Opioid plaintiffs are counting on the sheer volume of claims to force defendants into settling, despite defense arguments that their claims don’t fit the law on nuisance or consumer fraud. As Jepsen said, plaintiffs haven’t lost much of their leverage just because a trial judge in North Dakota tossed one case.
But I suspect that the opioid defendants believe the North Dakota decision boosts their leverage in settlement negotiations. A lawyer for one wing of the Sackler family, which owns Purdue Pharma, said as much in a phone interview with me on Thursday. Maura Monaghan of Debevoise & Plimpton represents four members of the Sackler family. Her partner Mary Jo White has already said that the Sacklers want to reach a global settlement of claims against them and Purdue. Monaghan told me that the North Dakota decision “is something that plaintiffs’ lawyers should take into account” as they assess the value of their claims.
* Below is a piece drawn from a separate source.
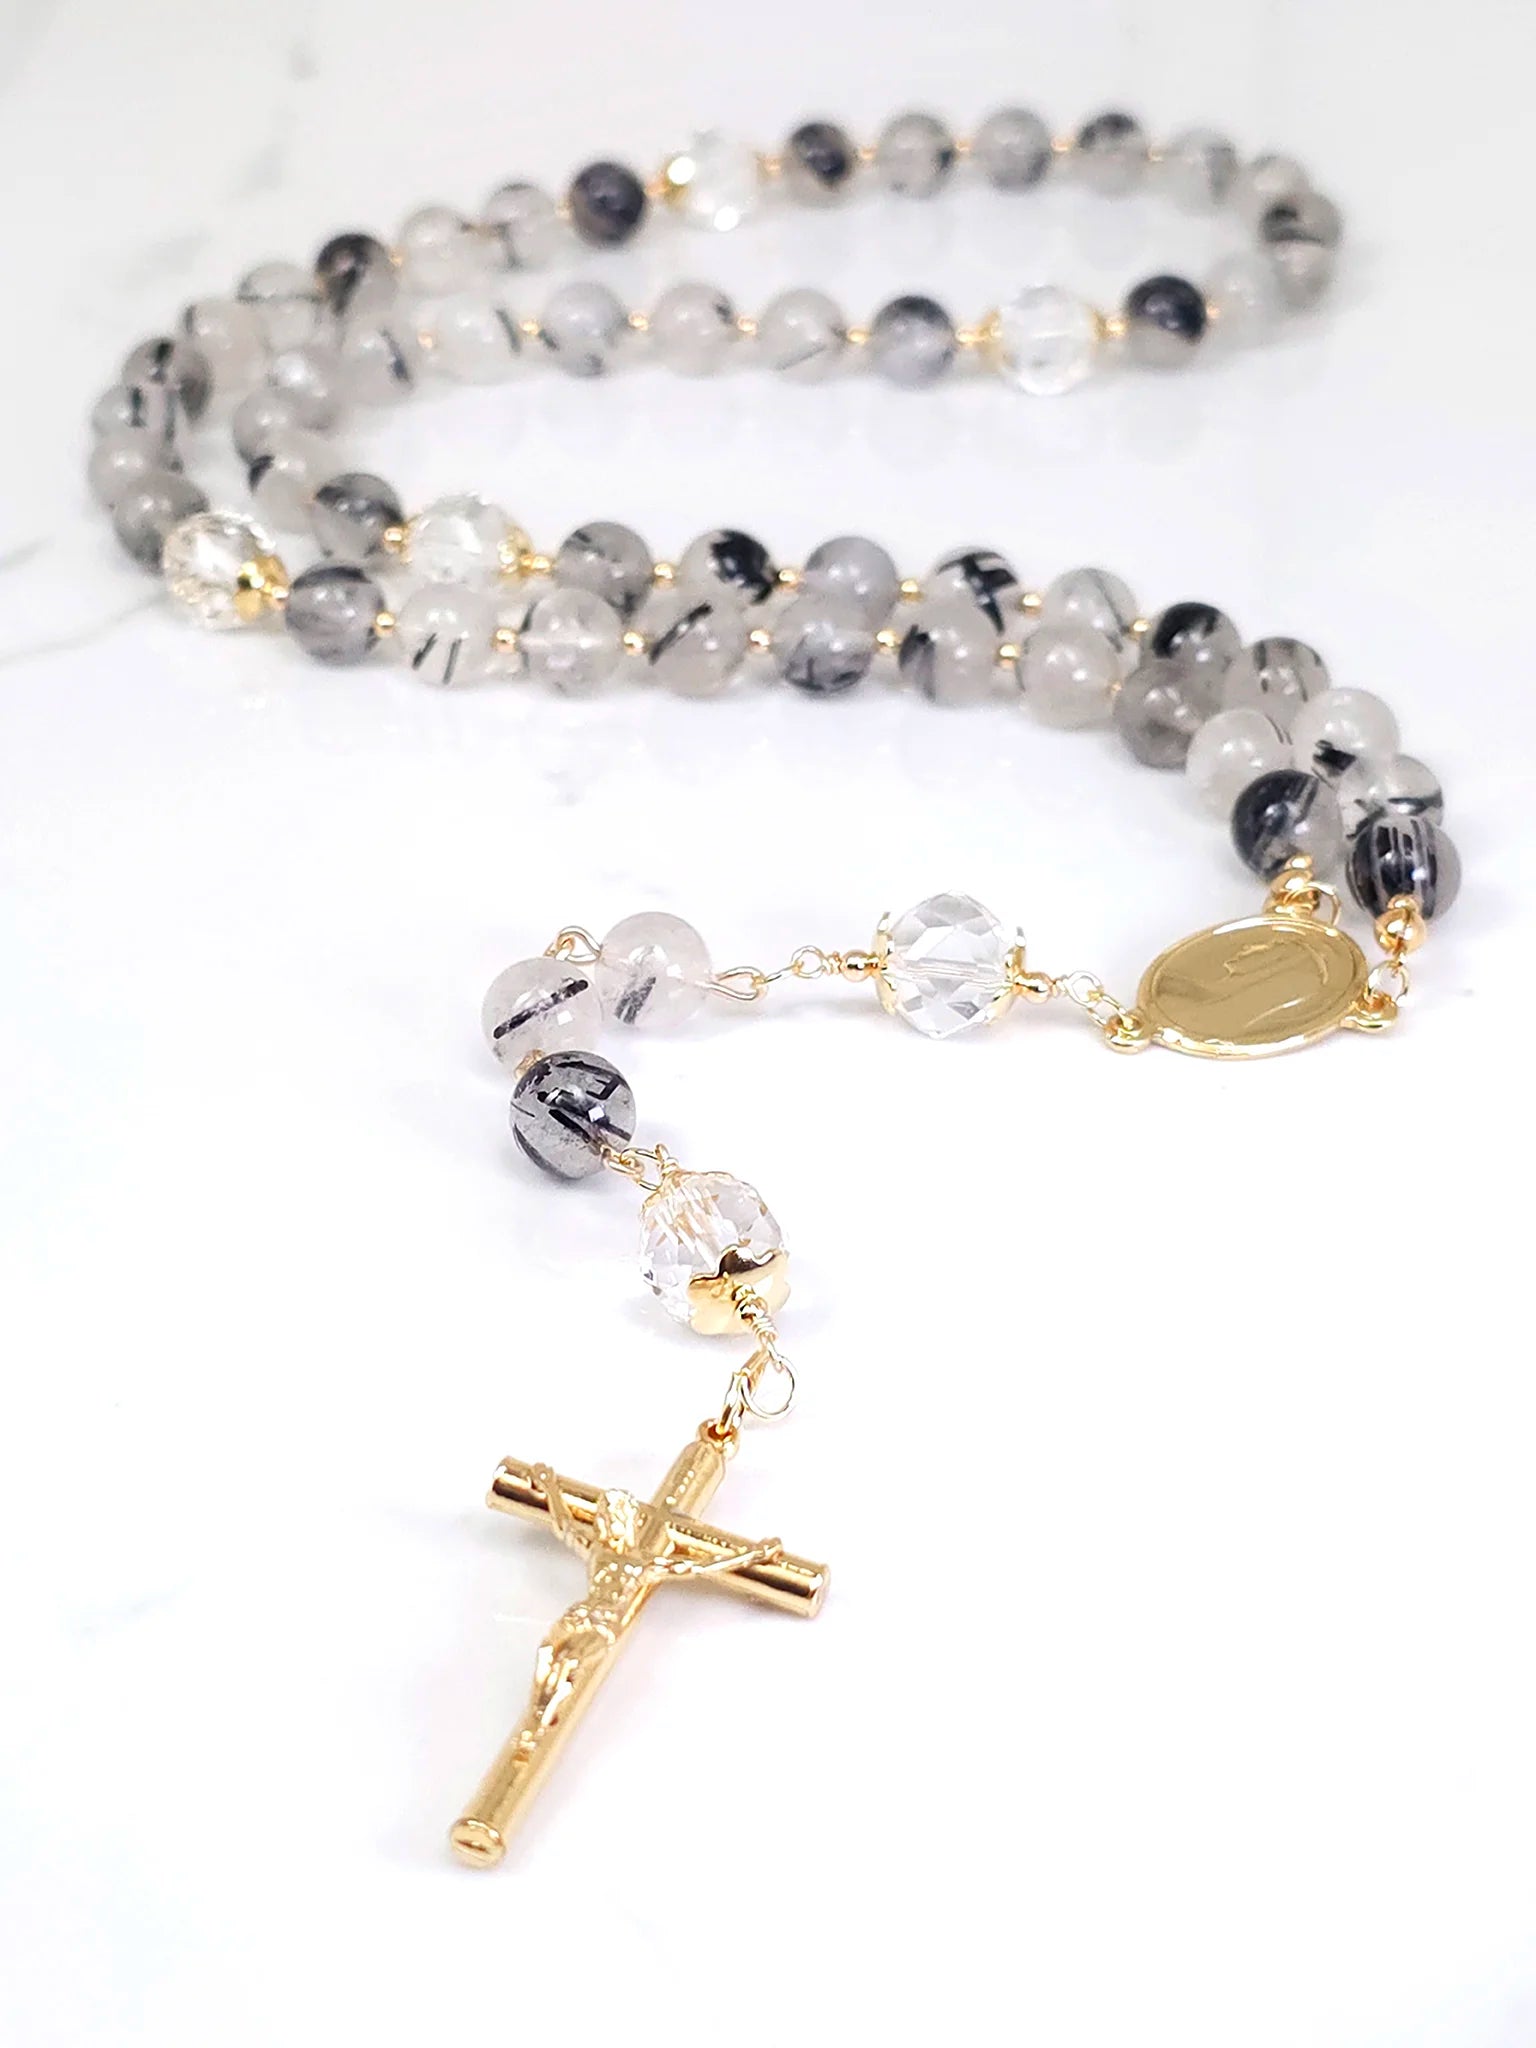 A masterful creation, accentuated by gold-filled metal findings and a Gold-plated Crucifix pendant.

It’s important, Monaghan said, that Judge Hall converted Purdue’s dismissal motion into a motion for summary judgment. That meant not only that he weighed evidence outside of the pleadings, including the FDA’s decisions on revising opioid labeling, but also that the judge did not presume the truth of the state’s allegations. Judge Hall’s ruling for Purdue, she said, means that opioid plaintiffs face real risk when judges test their allegations against evidence.
The state judge overseeing the Oklahoma AG’s case ruled differently on summary judgment – but even division in the lower courts works in defendants’ favor. Purdue, to be sure, has said it may have to enter bankruptcy in the face of opioid litigation. But other defendants have hinted that they’re prepared to prolong the litigation into state and federal appellate courts. The North Dakota decision will embolden defendants that don’t want to settle until appeals courts have evaluated plaintiffs’ theories. You can be sure that Judge Hall’s ruling is going to be cited in many, many defense briefs before the megabillion-dollar opioid case is over.
One ruling, obviously, isn’t going to slow the bullet train of opioid litigation. But the North Dakota ruling just might nudge the case onto a different track.